Paired-end data submitted in FASTQ format should be submitted in one of two formats: As separate files for forward and reverse reads, in which the reads are in the same order. As interleaved, or "8-line", FASTQ, in which forward and reverse reads alternate in the file and are in order (i.e., read "1F", followed by read "1R", then read "2F", then "2R"). SRA supports the following forward/reverse read indicators: '/1' and '/2' at the end of the read name or newer Illumina style '1:Y:18:ATCACG' and '2:Y:18:ATCACG'.
Concatenated FASTQ (in which all forward reads are followed by all reverse reads) is not supported.Concatenated

ADD COMMENT • link 2.9 years ago by Juke34 8.6k

1

Entering edit mode

I missed that part about SRA support read indicators. So it's very likely the interleaved one.

For those who may have the same question or new guys studying WES and WGS in the future, I could share some options to test this and move forward.

I checked the latest release log of bwa and recent answers in biostar. One way to test this is to use reformat.sh from BBmap

Before BWA 0.7.11, you need to split the interleaved fq. Afterward, once -p option is set, you could input interleaved fq to bwa mem.

A description about -p option

Smarter option -p. Given an interleaved FASTQ stream, old bwa-mem identifies the 2i-th and (2i+1)-th reads as a read pair. The new verion identifies adjacent reads with the same read name as a read pair. It is possible to mix single-end and paired-end reads in one FASTQ.

ADD REPLY • link 2.9 years ago by tomas4482 ▴ 420

score 2 · Accepted Answer · 2021-08-27

I come here for update.

Abovementioned "conclusion" is WRONG.

Such kind of files are truly pair-ended. But for some reasons, they lose original pairing information. When ENA or users use sratoolkits to perform a pairing detection e.g -split-3 or -split-file, it will always fail to create two correctly paired _1.fq and _2.fq.

For detailed explanation about how ENA uploading the fastq could check here.

In short, for pair-end experiment with one fq, it means all reads are unpaired.

According to a kindly staff from ENA, Eugene, he/she suggested that this file is more likely to be invalid for one of the following reasons:

1) The original FASTQ files submitted to NCBI have single-end reads but marked as paired.
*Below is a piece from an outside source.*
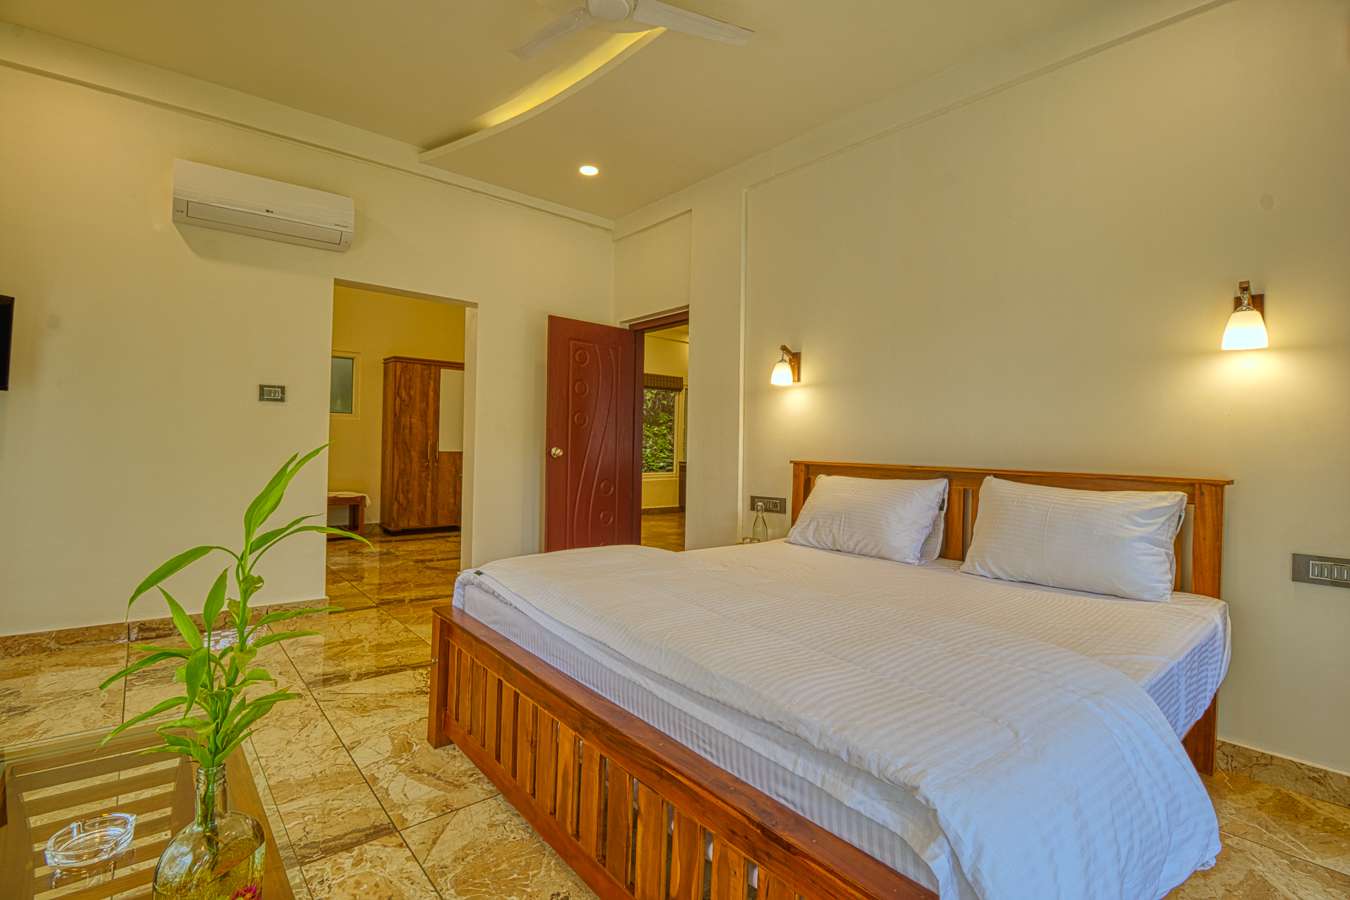 Spacious rooms of 350 Sq ft with independent private balcony facing the Kabini River. Each room can accommodate two adults.
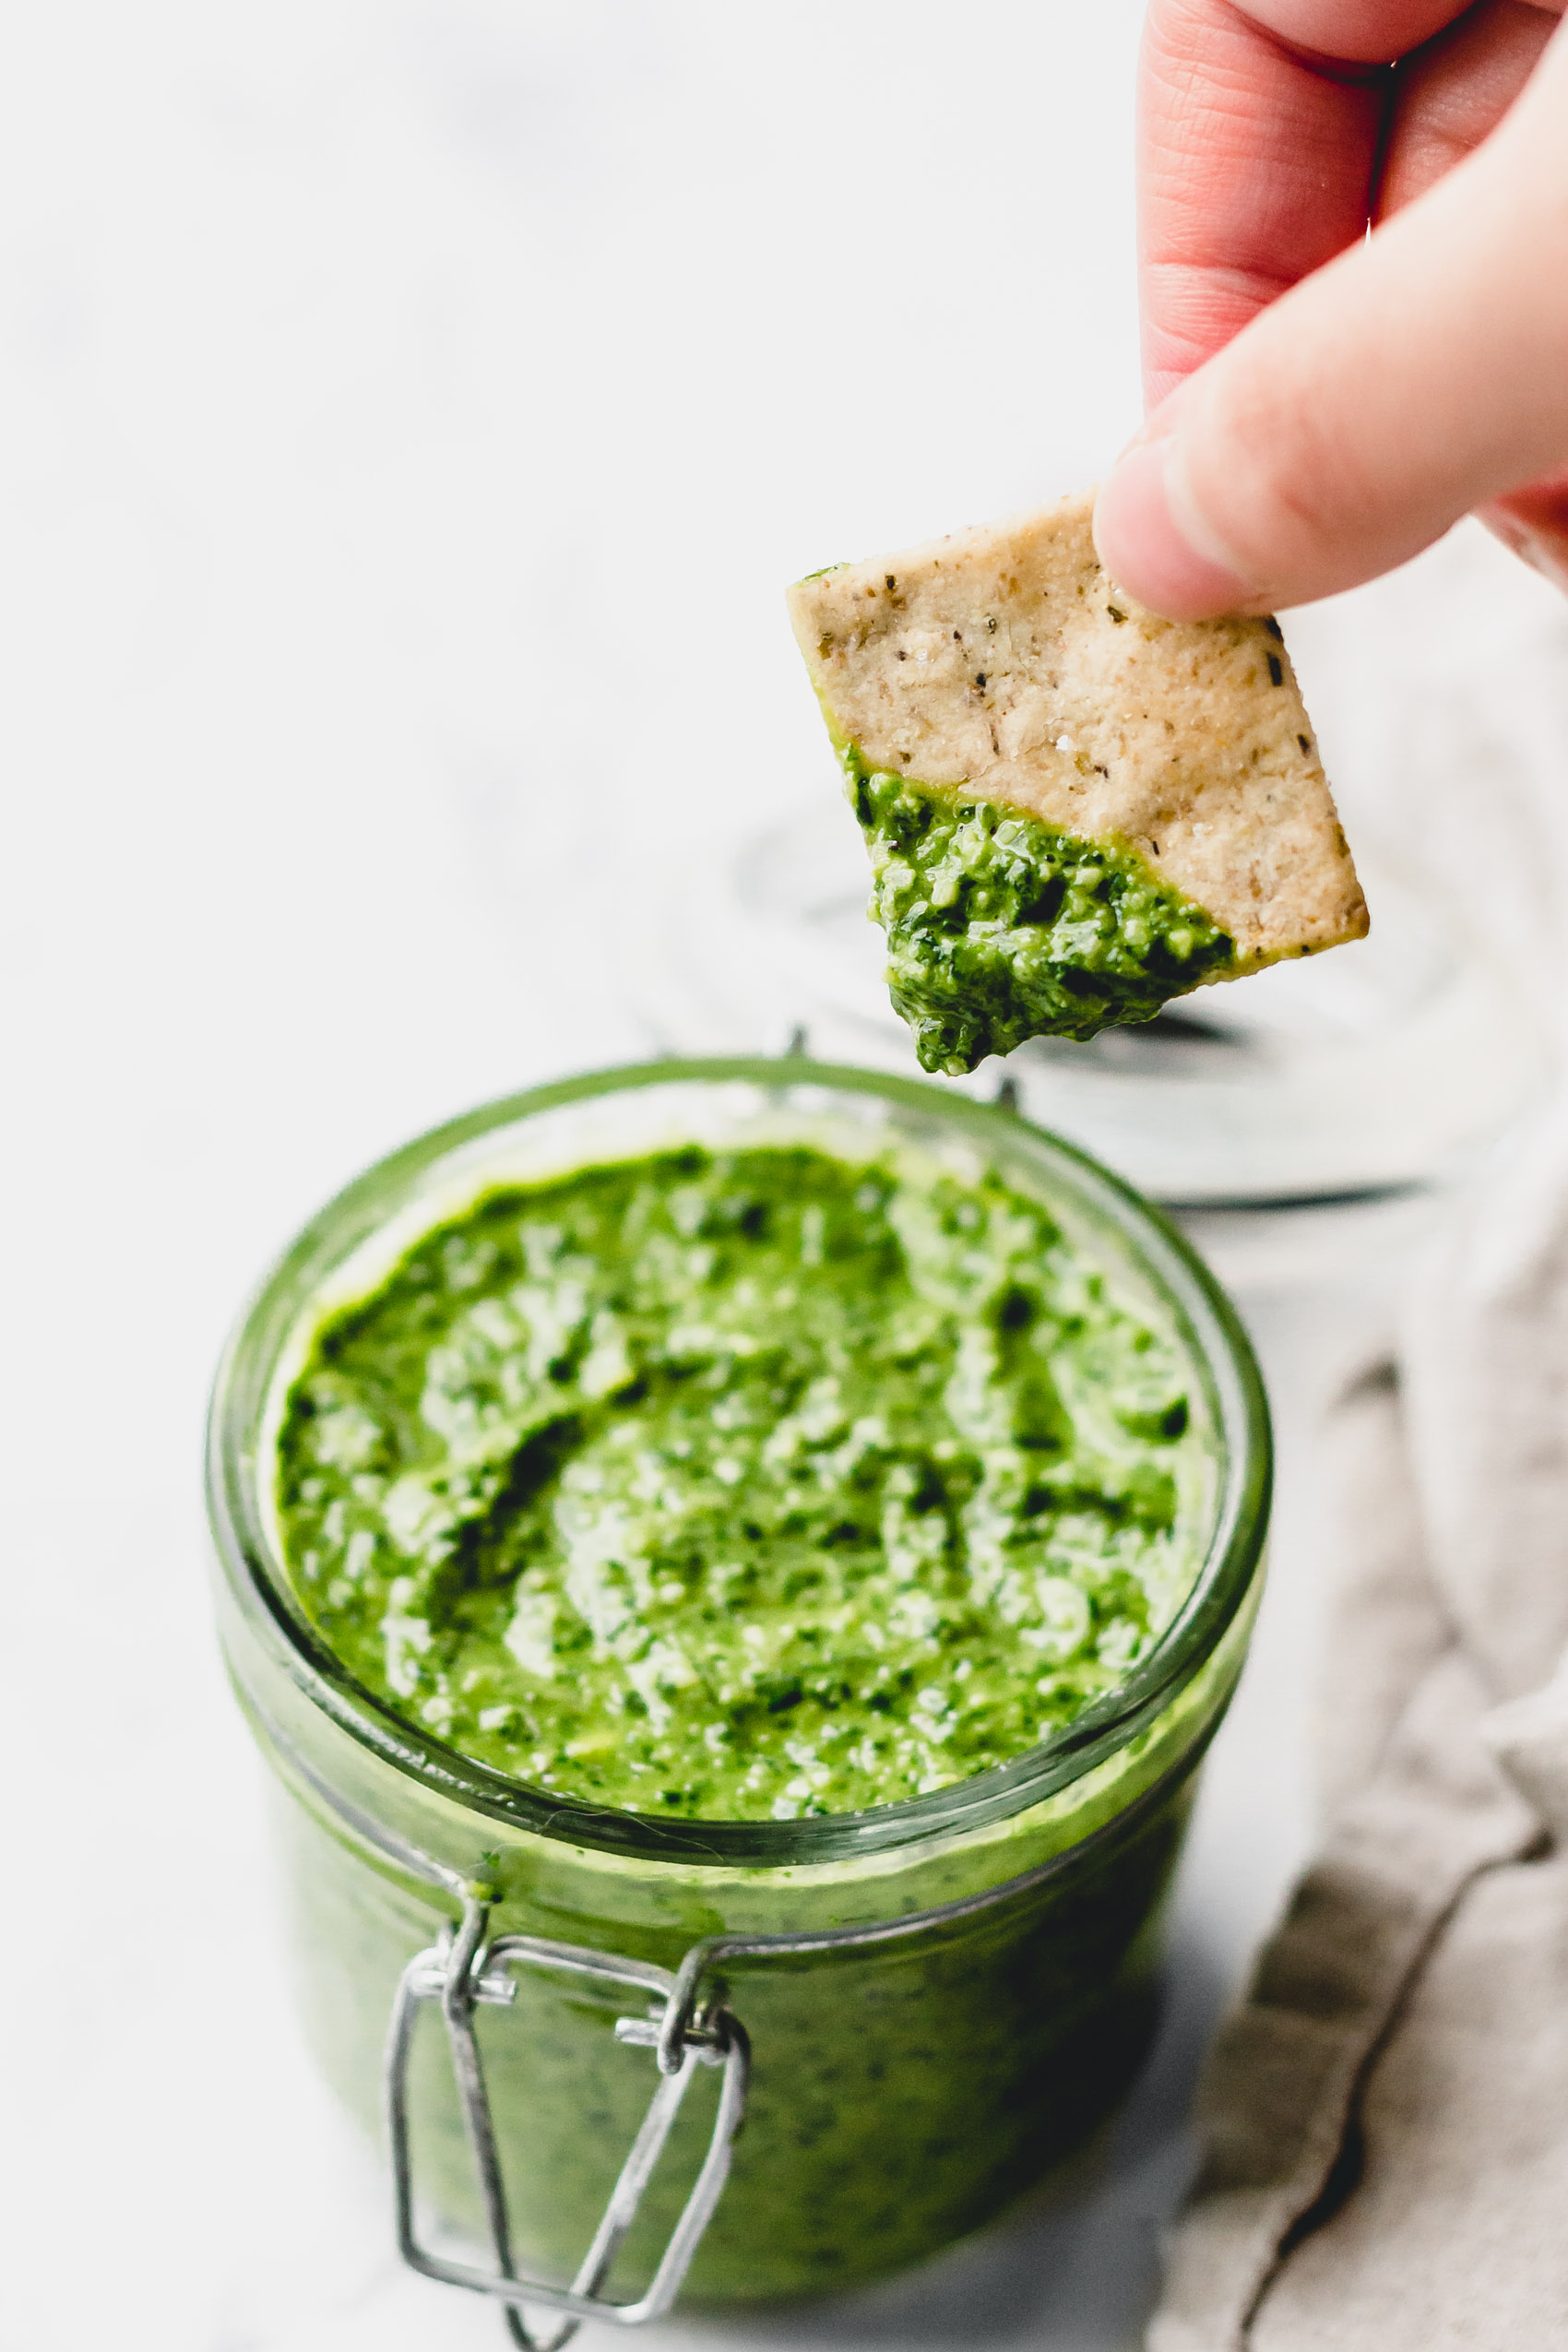 a cracker that has been dipped into a jar of pesto

The files are only available on GS/S3 cloud so I can't check them.

2) The original FASTQ files were submitted to NCBI without following the submission guidelines for paired files https://www.ncbi.nlm.nih.gov/sra/docs/submitformats/#pairedend-fastq (e.g. the FASTQs were unsorted).

3) An error occurred during FASTQ to SRA conversion on NCBI side.

4) SRA toolkit does SRA to FASTQ conversion incorrectly.

5) We (ENA) use SRA toolkit with incorrect parameters.

It's unlikely that these are options (3), (4) or (5), since most SRA files in PRJNA505380 were correctly converted to FASTQ so he/she suspect edit's (2).

Because both I and Eugene can see only forward (/1) or reverse (/2) part in that file. So it seems that pairing information was lost and the forward/reverse reads can't be matched.

The ONLY solution for this situation should be

Get the valid data is to request Cloud Data Delivery of the original submitted FASTQs from NCBI.

I've downloaded the original fq from cloud to my bucket. But It may take several weeks to validate. I'll update later.